Fig. 2: Schematic Structure of Deep Learning-Based Prediction Model for MRSA-Positive Cultures.
figure 2

a summarizes the overall structure of the model used to predict MRSA-positive cultures over a two-week period from the index culture. Our model integrates multiple structural data tables from Electronic Health Records (EHRs) as time-sequenced data prior to the index time. A deep learning-based model (PyTorch_EHR) is employed to predict MRSA-positive cultures over two weeks from the index time. b describes scenarios where patients experience multiple events over time. EHR: Electronic Health Records, MRSA: Methicillin-Resistant Staphylococcus aureus.
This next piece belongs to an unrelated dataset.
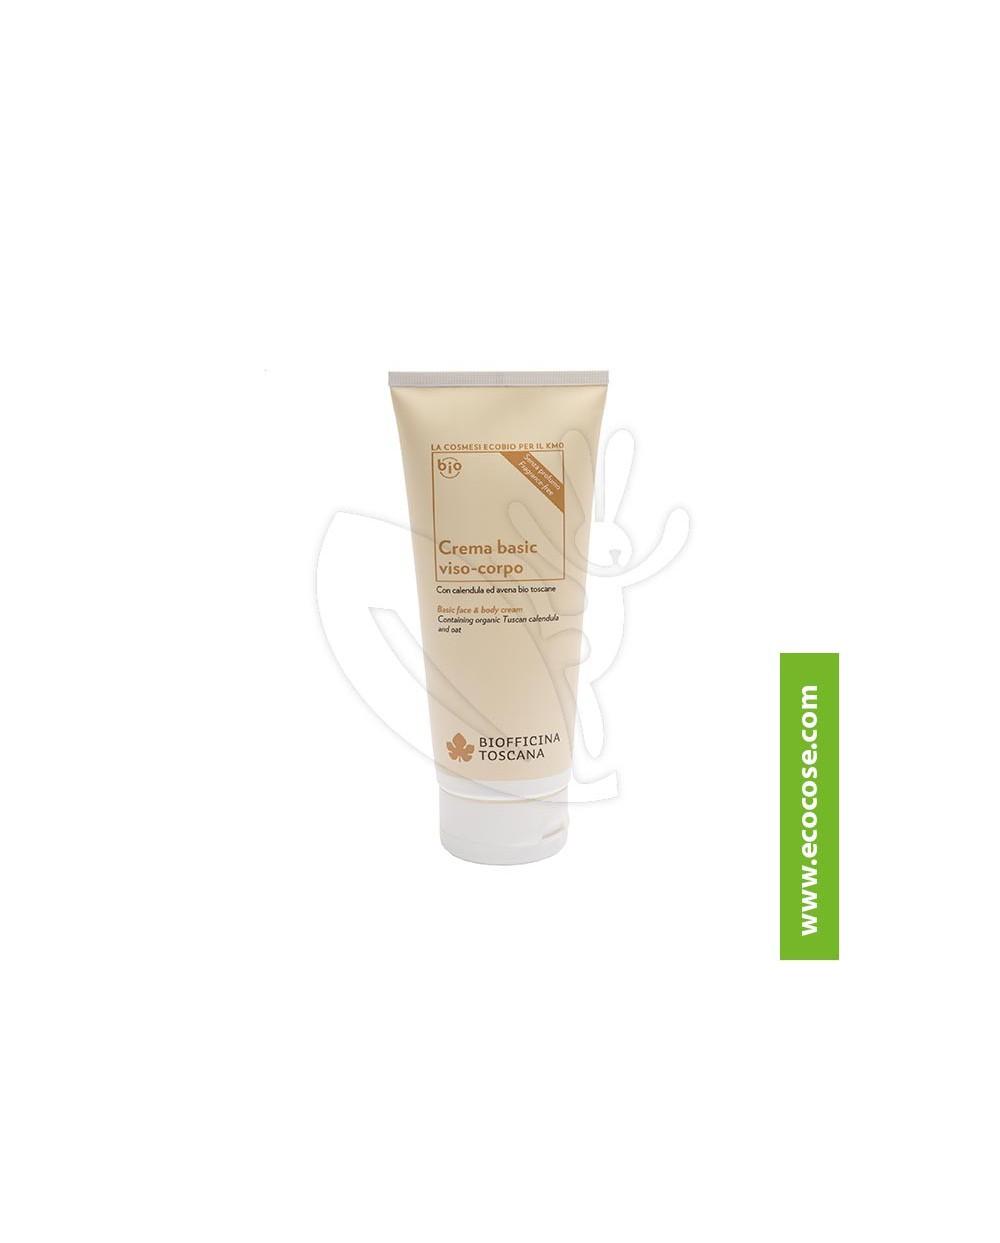 Biofficina Toscana - Crema basic viso-corpo

Personalized medicine is of great interest in medical fields. Many studies on personalized medicine focus more on genetic-based predictions rather than clinical data from EHRs25. EHR data have become a rich source of real-world data and provide invaluable information. Even without genetic data, we believe EHR data can be a useful source for deep learning models to achieve personalized medicine in multiple clinical settings. Furthermore, compared to traditional machine learning models, deep learning can easily integrate time-sequence data as inputs into the model, which provides significant advantages for outcome predictions requiring sequential event inputs. Although PyTorch_EHR only uses categorical data from EHRs, this model provides high performance with the advantages of relatively simpler preprocessing steps and flexible variable selections for input. This allows us to preserve model transferability and generalizability across different data sources.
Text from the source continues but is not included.